Właśnie siadałam do felietonu, gdy przypomniały mi się słowa z mojej książki „Kocham Paula McCartneya”: „Jeżeli dziwny człowiek idzie po dziwnych schodach, to nie ma w tym nic dziwnego. Dziwnie jest tylko wtedy, kiedy dziwny człowiek idzie po zwykłych schodach albo zwykły człowiek idzie po dziwnych schodach. Natomiast jeśli dziwny człowiek idzie po dziwnych schodach, to znaczy, że znajdujemy się w dziwnym świecie. A w dziwnym świecie dziwne są tylko rzeczy zwykłe”.
Przez osiem lat dziwni ludzie szli po dziwnych schodach, więc znajdowaliśmy się w przestrzeni dziwnego świata, w którym nic, co dziwne, nie dziwi. Właściwie sami się dziwiliśmy, że nas nie dziwi kolejne przekroczenie prawa i konstytucji. Nie dziwiło ułaskawienie przed wyrokiem ani słowa dziwne jak choćby słowo „niewinni” użyte przez prezydenta w stosunku do Kamińskiego i Wąsika. Gdybyśmy się jeszcze czemuś dziwili, to na przykład temu, jak można mówić o niewinności osób ułaskawionych, nawet jeśli ułaskawienie byłoby zgodne z prawem? Ułaskawienie jest przecież uchyleniem wykonania wyroku, a nie stwierdzeniem niewinności. Niewinnych się nie ułaskawia. Uznanie za niewinną osoby skazanej prawomocnie to nieuznanie wyroku sądu, a to z kolei jest niezgodne z prawem.
Oczywiście, w dziwnym świecie można zrównać ułaskawienie z niewinnością. W przestrzeni dziwnego świata skazany może wyrokowi pokazać gest Kozakiewicza i zasiadać w Sejmie. Można też w dziwnym świecie skazanych za przestępstwo uznać za więźniów politycznych. W dziwnym świecie może to zrobić prezydent pod warunkiem, że on sam jest dziwny, a co do tego akurat nie ma wątpliwości.
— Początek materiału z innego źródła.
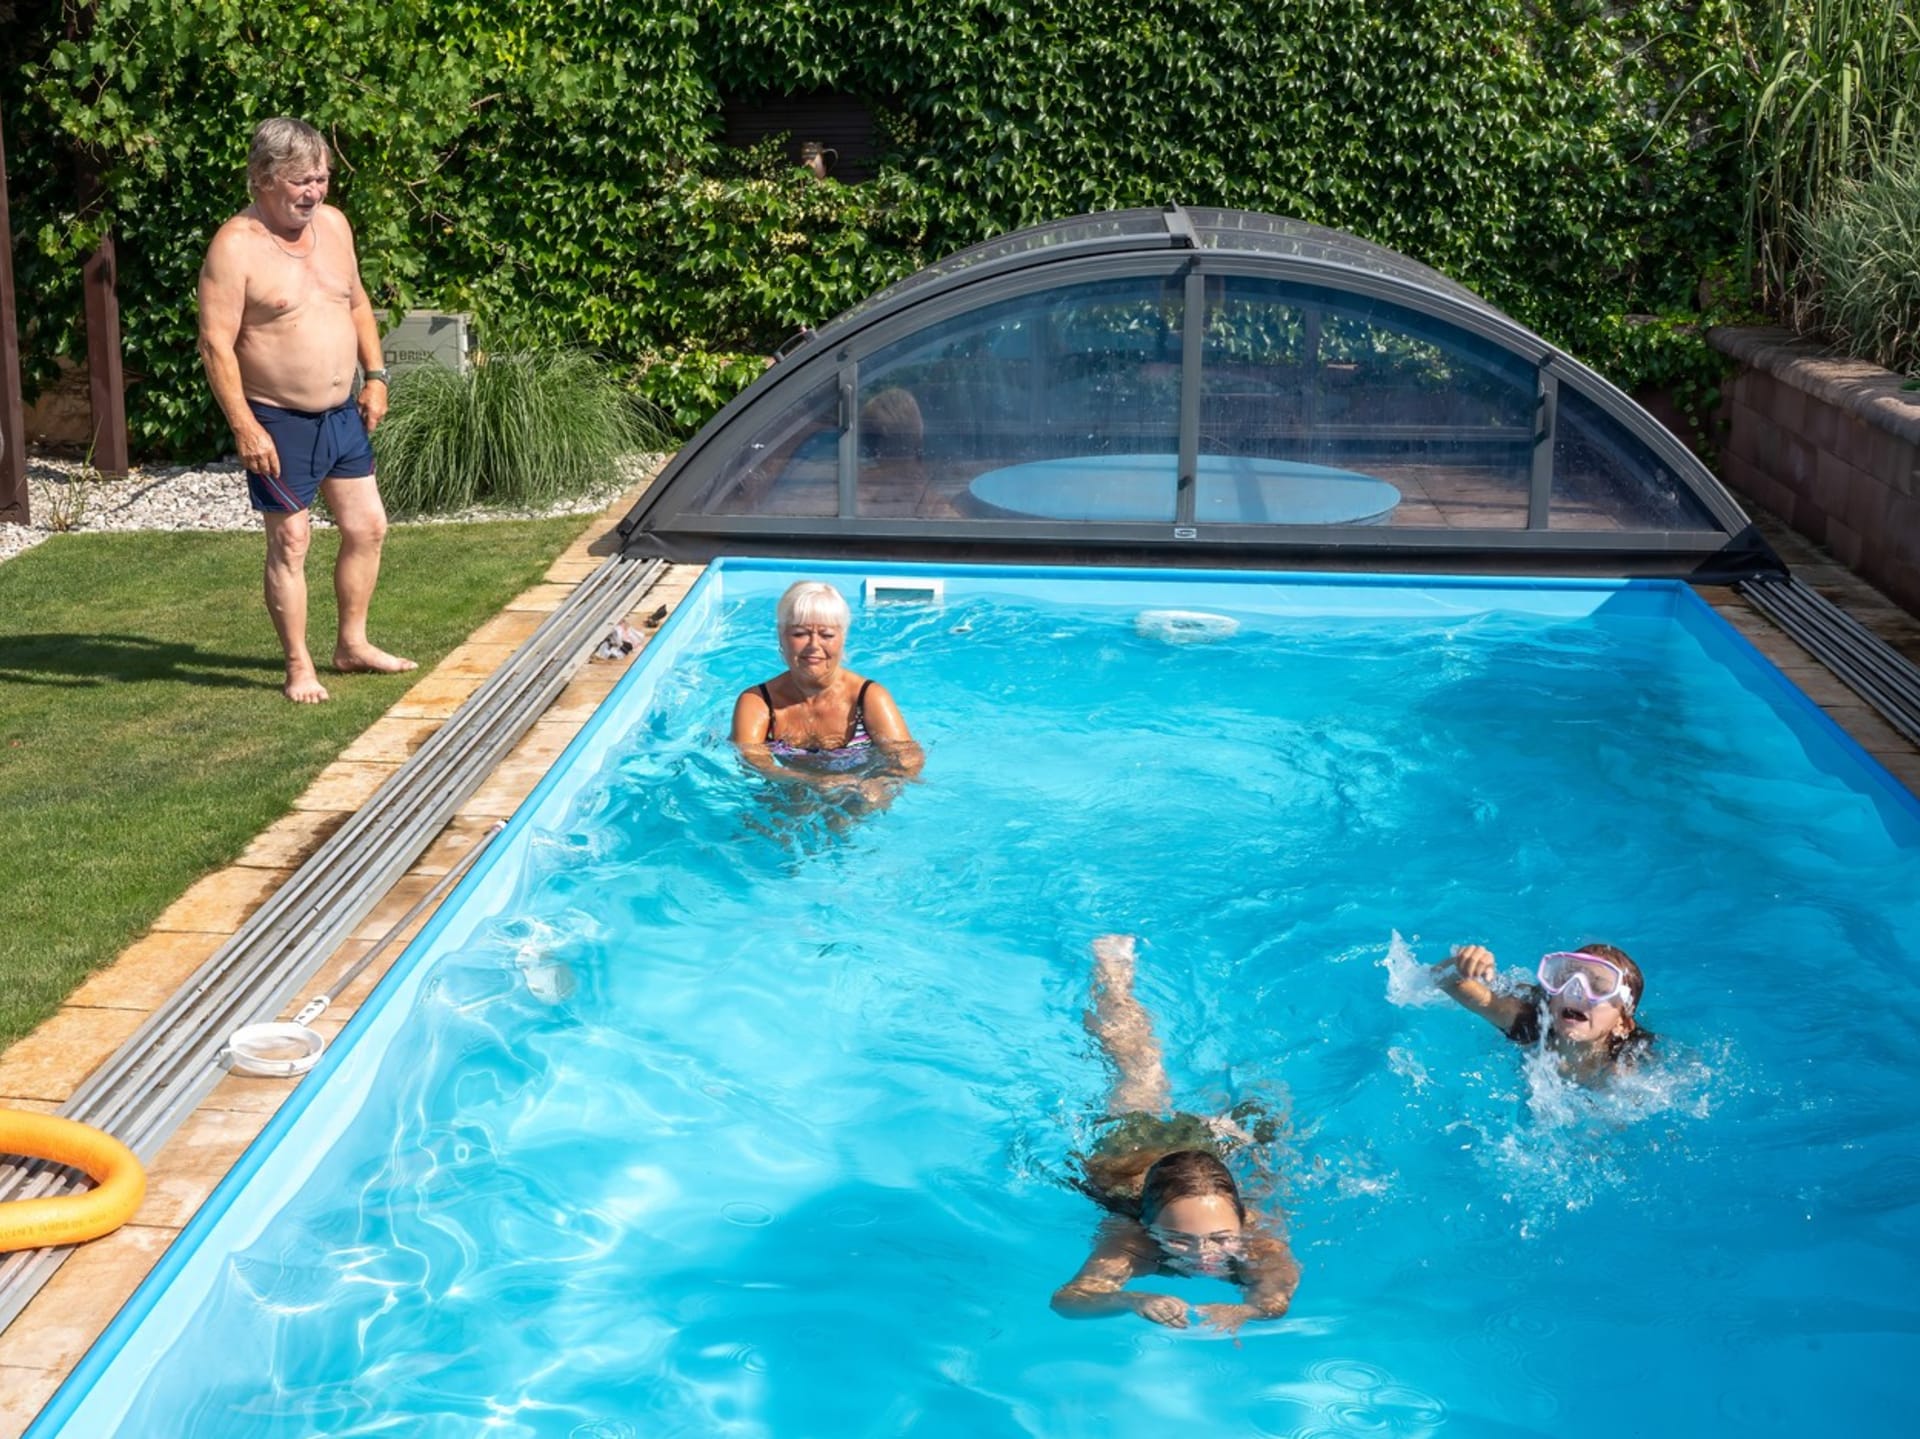 Bazén, který si nechali na chalupě vybudovat na zahradě, představuje ráj pro celou rodinu.

W świecie dziwnym prezes NBP może opowiadać na konferencjach prasowych o swoim kocie, bo dlaczego miałby tego nie robić? W świecie dziwnym telewizja może wymyślać najdziwniejsze fakty i nikt się temu nie będzie dziwić.
Czytaj więcej
Kiedy myślę o stanie, w jakim znajduje się nasze państwo, nie znajduję lepszej nazwy niż Nibylandia.
Rzecz w tym, że 15 października wyszliśmy z przestrzeni dziwnego świata. Ludzie całkiem niedziwni znaleźli się na dziwnych schodach, jakie zostawił tamten dziwny świat. I teraz już mamy prawo się dziwić. A dziwne schody, po jakich muszą chodzić ludzie zwyczajnie myślący, okazują się dziwniejsze, niż ktokolwiek przypuszczał. Są tak kręte i źle zrobione, że i każdy krok prowadzi na manowce. Czasem bawię się tak, że oglądając program publicystyczny, wyłączam dźwięk i oglądam poszczególne wypowiedzi, tylko podpatrując mowę ciała. To jest oczywiście zabawne, ale też bardzo interesujące i często można dowiedzieć się o wiele więcej, niż słuchając przewidywalnych zdań. Widać napięcie na twarzy, spokojne lub przerażone spojrzenie, widać po prostu, czy ktoś kłamie, czy mówi to, co myśli. Teraz natomiast, kiedy wyszliśmy z granic dziwnego świata, czasem wyłączam dźwięk, kiedy wypowiada się któryś z autorytetów prawnych lub jakiś konstytucjonalista. Otóż ekran pokazuje ostatnio ten sam gest wykonywany przez każdą z tych osób. Jest to rozłożenie rąk dla zobrazowania bezradności. Towarzyszy temu wyraz zdumienia i zażenowania. Po prostu przy próbach rozwikłania jakiegokolwiek problemu sytuacja prawna i konstytucyjna jest tak zapętlona, że właściwie pozostaje tylko zdumienie.